I had always liked field watches (though now, I prefer divers), and this seemed like a perfect gift suggestion: affordable, go everywhere, sufficiently water resistant for my purposes, and with Indiglo. Who doesn’t love Indiglo?
Nobody wants to ask their newly-minted in-laws for an expensive watch, except douchebags or rich people. And this was something I really wanted, a gift that would be appreciated, and appreciate it I did.
For the better part of the next decade, this was the only watch I owned and I wore it everywhere.
Front row seats to Inaugurations of Presidents? Check.
Television appearances? Check.
Weddings of friends? Check.
I wore it to work, and a horologically inclined colleague joked about my love of my “forking Timex.” (Forking being a substitute word for Fuck, not a tuning fork reference.) I stuck with this as my daily wear watch until said colleague gifted me and my colleagues a diver I treasure, but more on that in a future post.
As you can see, the watch bears a number of battle scars.

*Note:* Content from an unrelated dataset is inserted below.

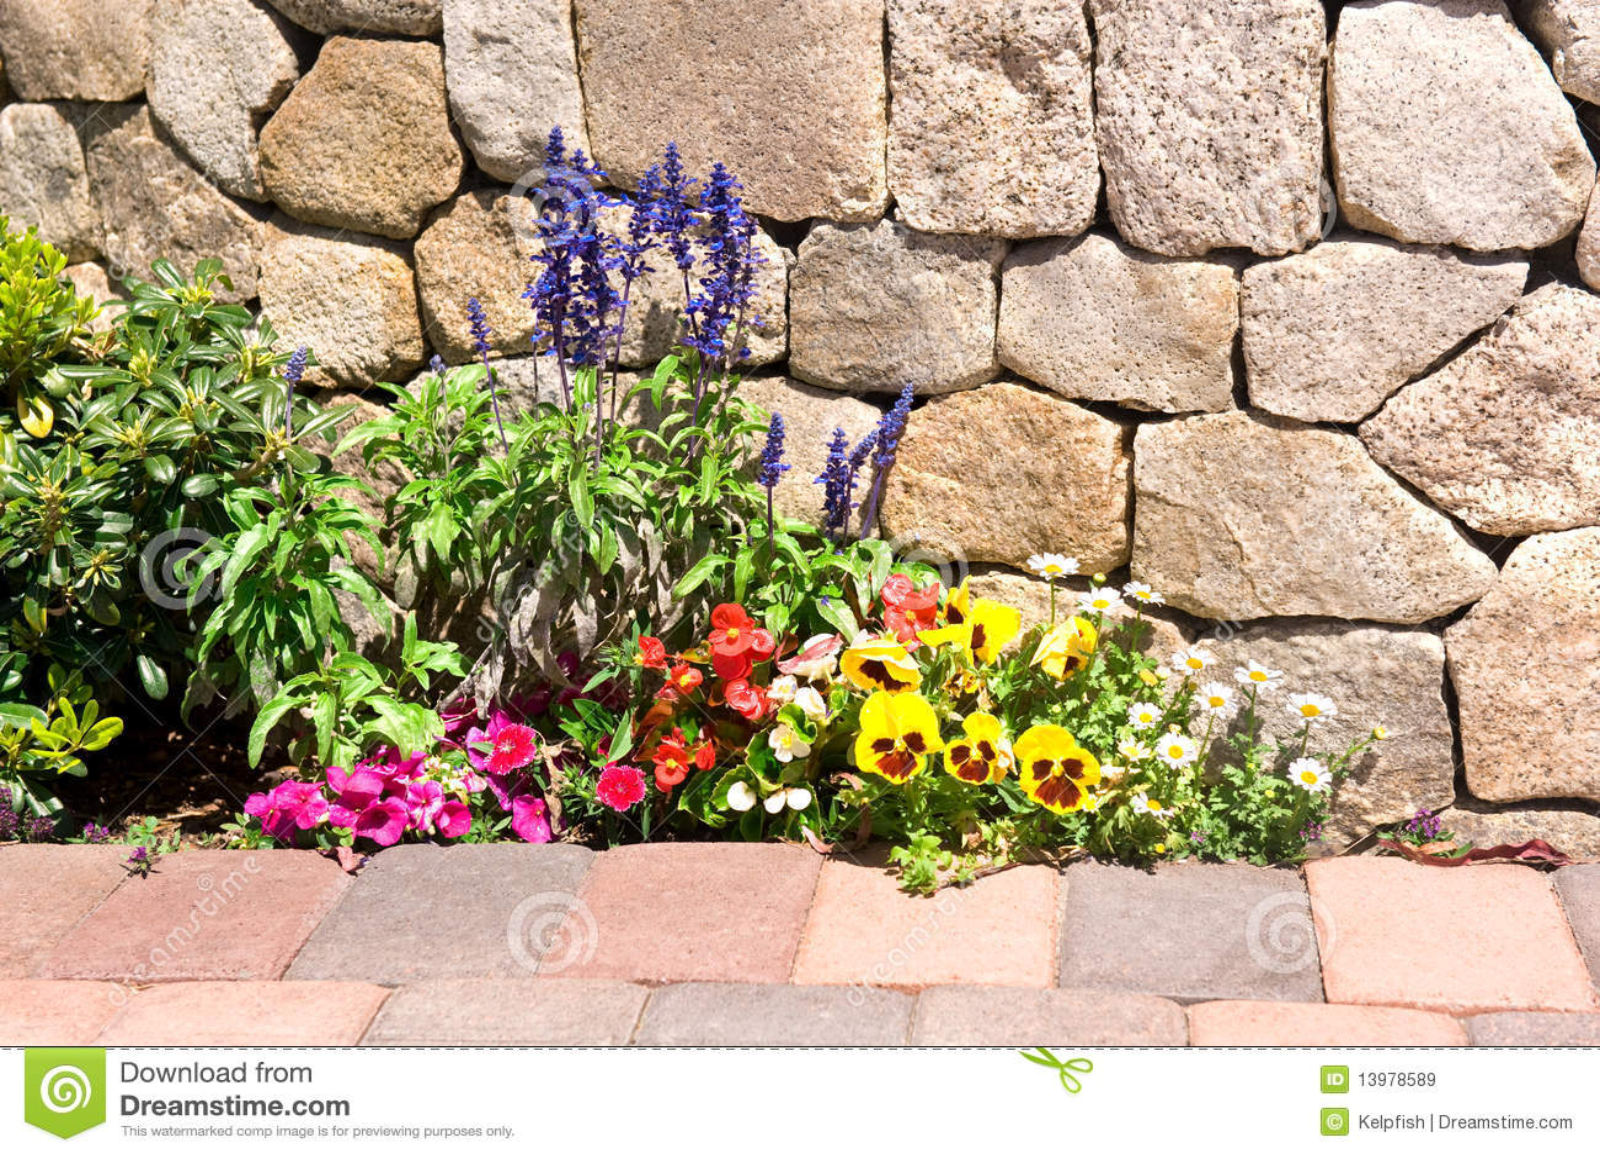 Flower garden along stone wall stock image image 13978589 for Flower wall garden

This being a popular watch, one of the most popular in the world, in fact, I don’t remember how the dings and the scratches came about.

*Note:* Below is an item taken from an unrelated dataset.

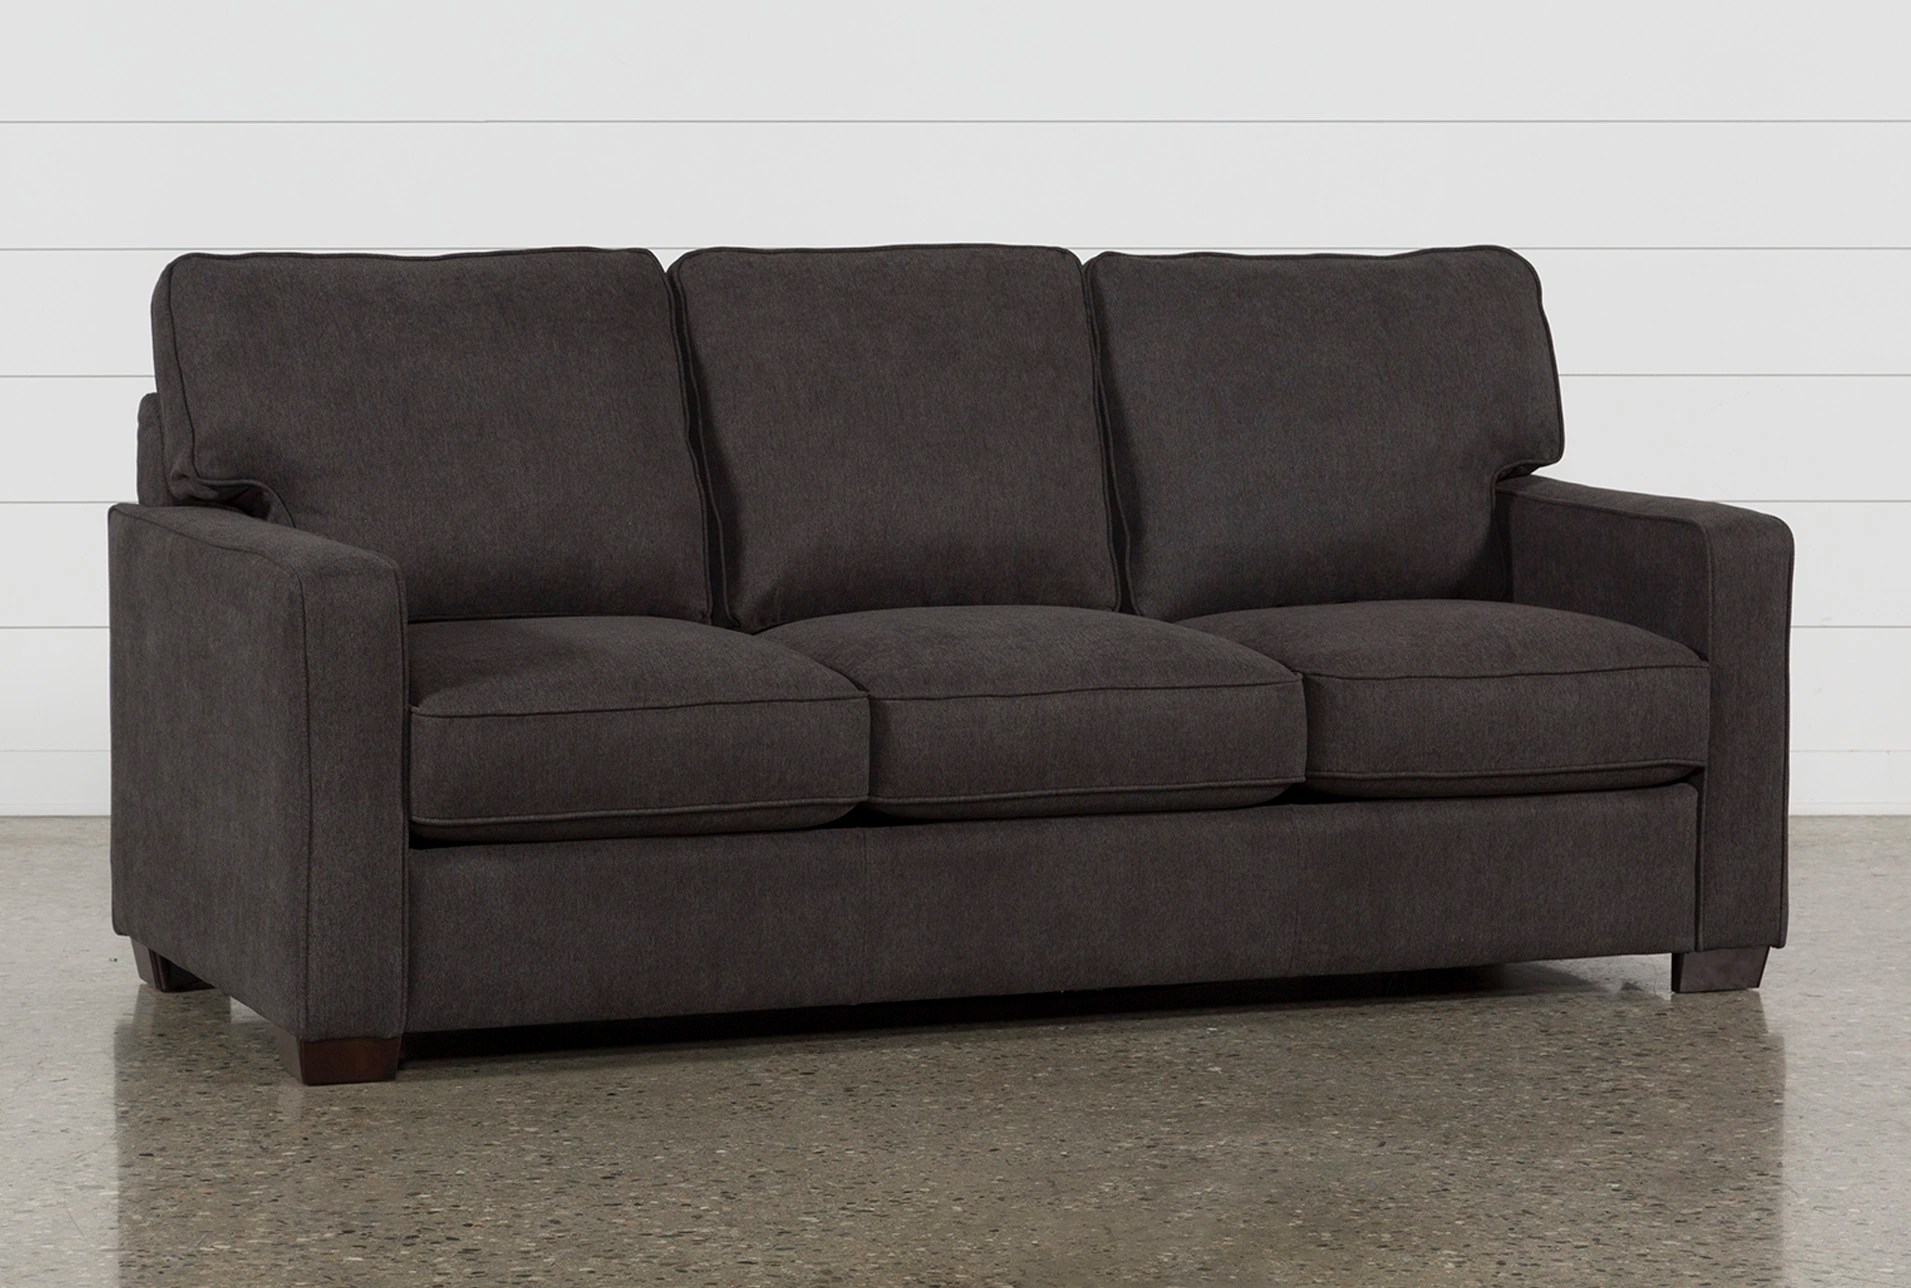 loft charcoal sofa bed kensington luxury multi storage morris queen sleeper living spaces

The second hand has never really lined up perfectly, but the watch keeps time. For Quartz analog movements in this price range, they never do, and I never really cared as long as the time was accurate, which it was. The loudness never really bothered me, except for sleeping.
As my twins, now aged six, started acquiring object permanence and focusing on their motor skills, this watch’s Indiglo was a big highlight. I can still hear my girls laughing as they pushed the crown again, and again, on our loveseat in our Alexandria condo just to see its blue hue.
They did it so much they killed the Indiglo on this watch, and on an all blue plastic Timex Expedition I bought during the Blues’ Stanley Cup run that got beat until death, RIP. (I should have bought this one! Still might.)
The strap, which I still have, is in great shape. Though, I’ve used other NATO straps on the watch for different occasions. And the battery change of the CR2016 battery on these watches is a breeze. Replacing the battery did not solve my Indiglo woes, and that’s just the price of having kids.
Timex appears to be replacing the Weekender, though not yet discontinuing it, with the new, somewhat pricier, Standard line of watches, which are much quieter. I have one—40th birthday!—and like those, too.
But this watch will always have a place in my heart, being the little Timex that could, as it helped restore a love of watches that I lost, temporarily, during the advent of the smartphone.
A perfect Christmas gift that I cherish ten years later.